Next question is how many fish should I have in this unit. And should I start with one fish and add more later. Another question is which material I should use to create the barrier making the two chambers. I want to use something that will not break under the pressure of the water. To combat the chance it may break I am going to put four little foam stands near the four corners of the tank and am thinking of using a silicone to seal the barrier from the top. This way the weight is distributed and I am not sure where to get this barrier from and which is the best way to make it. 

Thank you for your time and please do not hold back from constructively criticizing my design. I will first make this system on a small scale and then put it on a larger one perhaps in the future. Hopefully I make a small unit that teaches me a lot. Thanks once again.


----------



## whitetiger61 (Aug 2, 2011)

very well put..

Rick


----------



## fishieguy (Mar 9, 2012)

Thanks guys and I guess this was a bad idea. I was going to use the plants as a way to filter out ammonia and such from the chamber with fish, but guess this would only work with a very large place for many fish and few plants.
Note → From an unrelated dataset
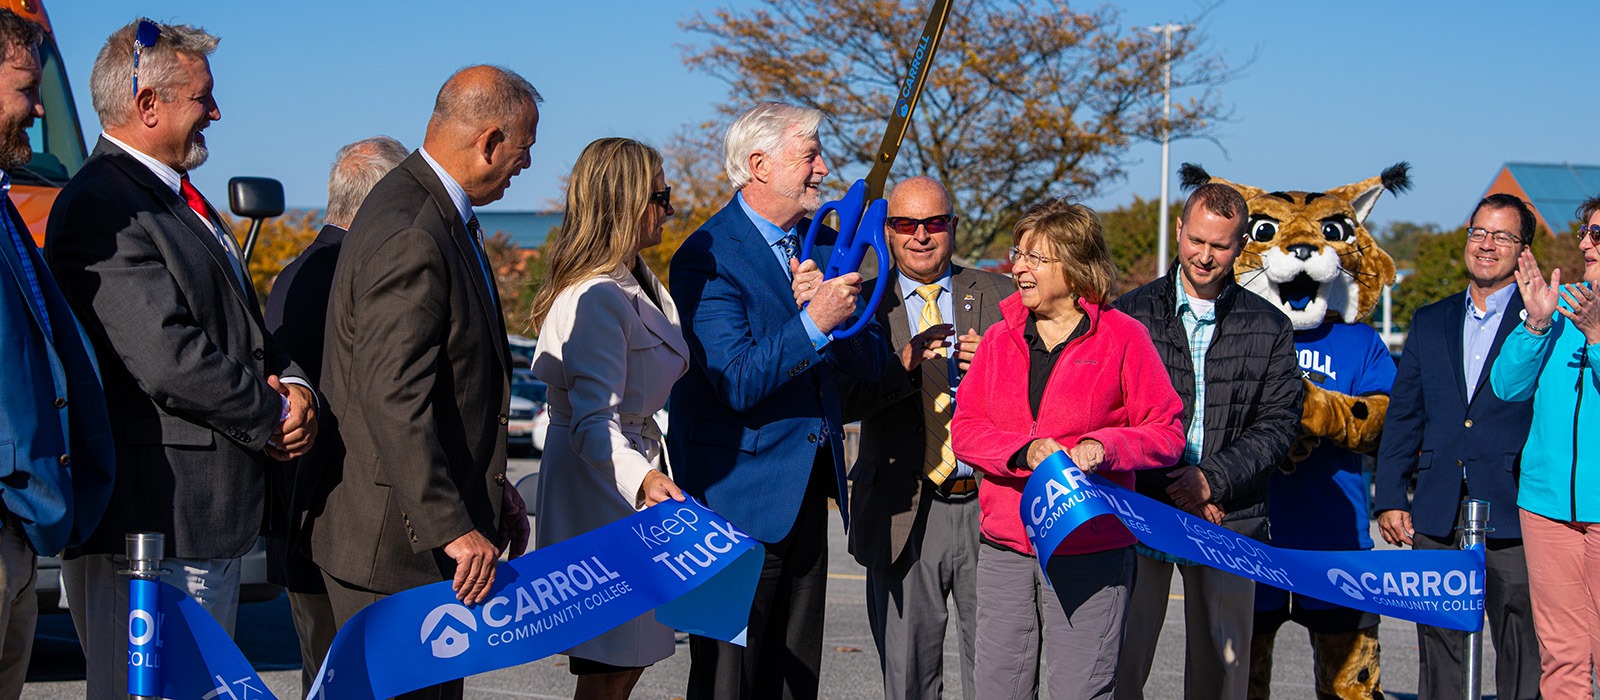 Commercial Truck Driver Ribbon Cutting Carroll Community College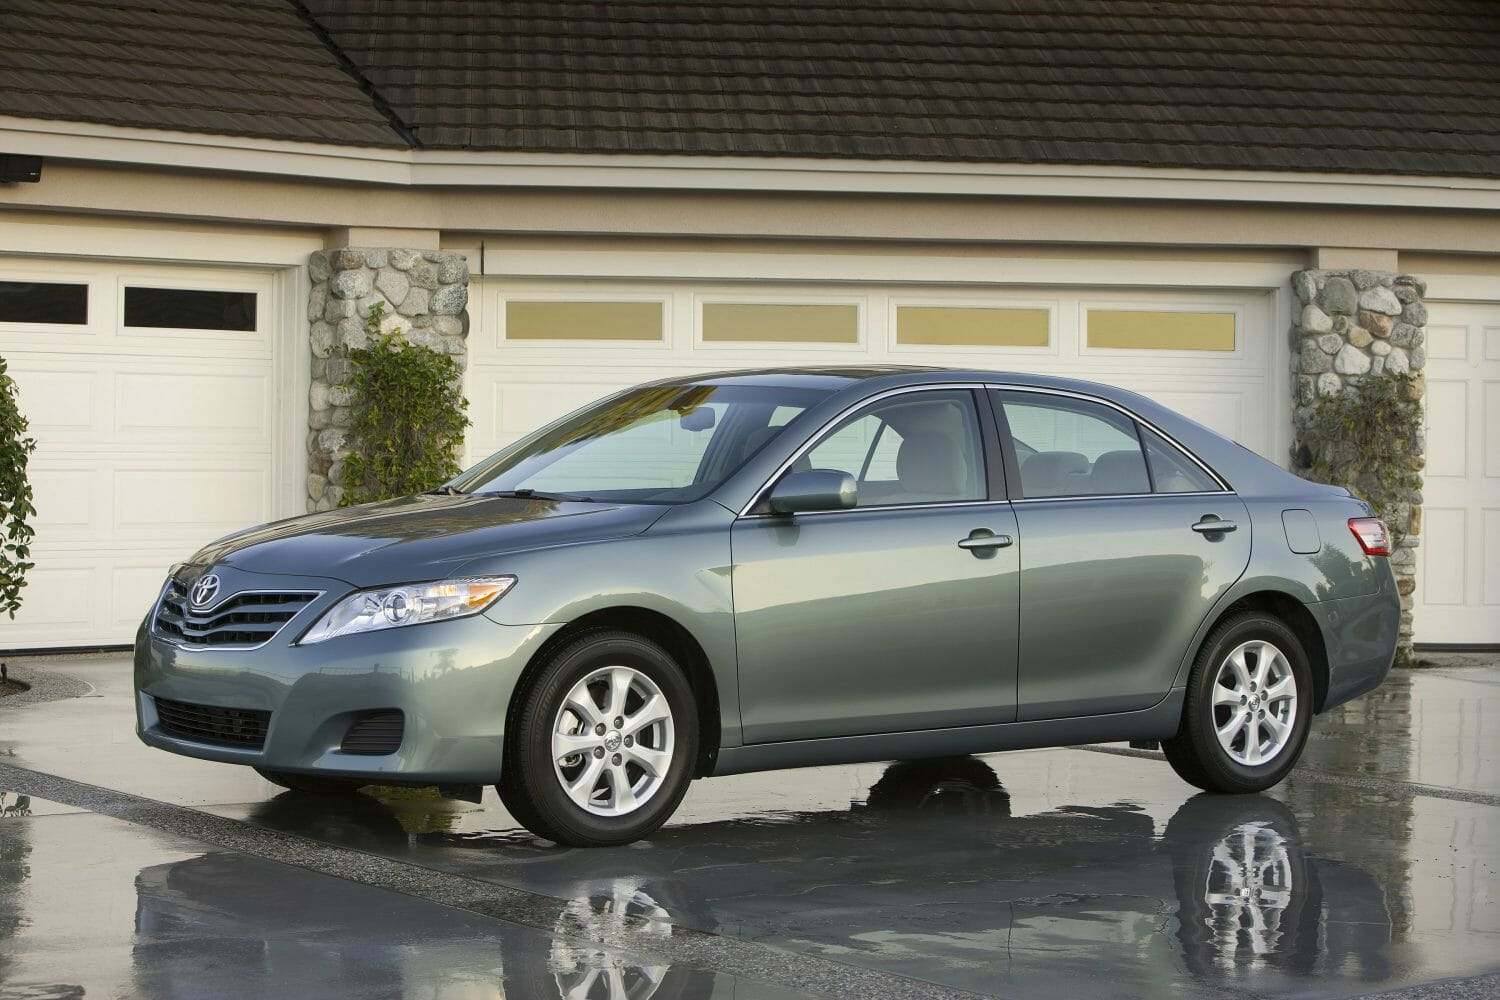 2011 Toyota Camry Review: A Midsize Sedan Built To Last

Guess I am going to ditch this idea.


----------



## susankat (Nov 15, 2008)

I seen a system done once that the person used plywood and 1x3's to make kind of a stream effect. One end was a little higher so it also made like a water fall going into the tank. The plywood was cut about 1/2 inch shorter on the sides then the 2x3 were glued and nailed to the sides to make a rim lengthwise and one end. The end that was going to be higher, he then covered this in a pool liner. He then filled with fine gravel and planted with aquarium plants that can grow emersed. I don't remember what he had on the lower end to keep the gravel in, I would imagine some kind of mesh. Water was fed to the top using a pond pump in the tank to where the water flowed from higher end to the lower end and back into the tank. He kept tropical fish in the tank, and ran a canister filter along with the plants.

I can't get to this post anymore as the site is now defunct.


----------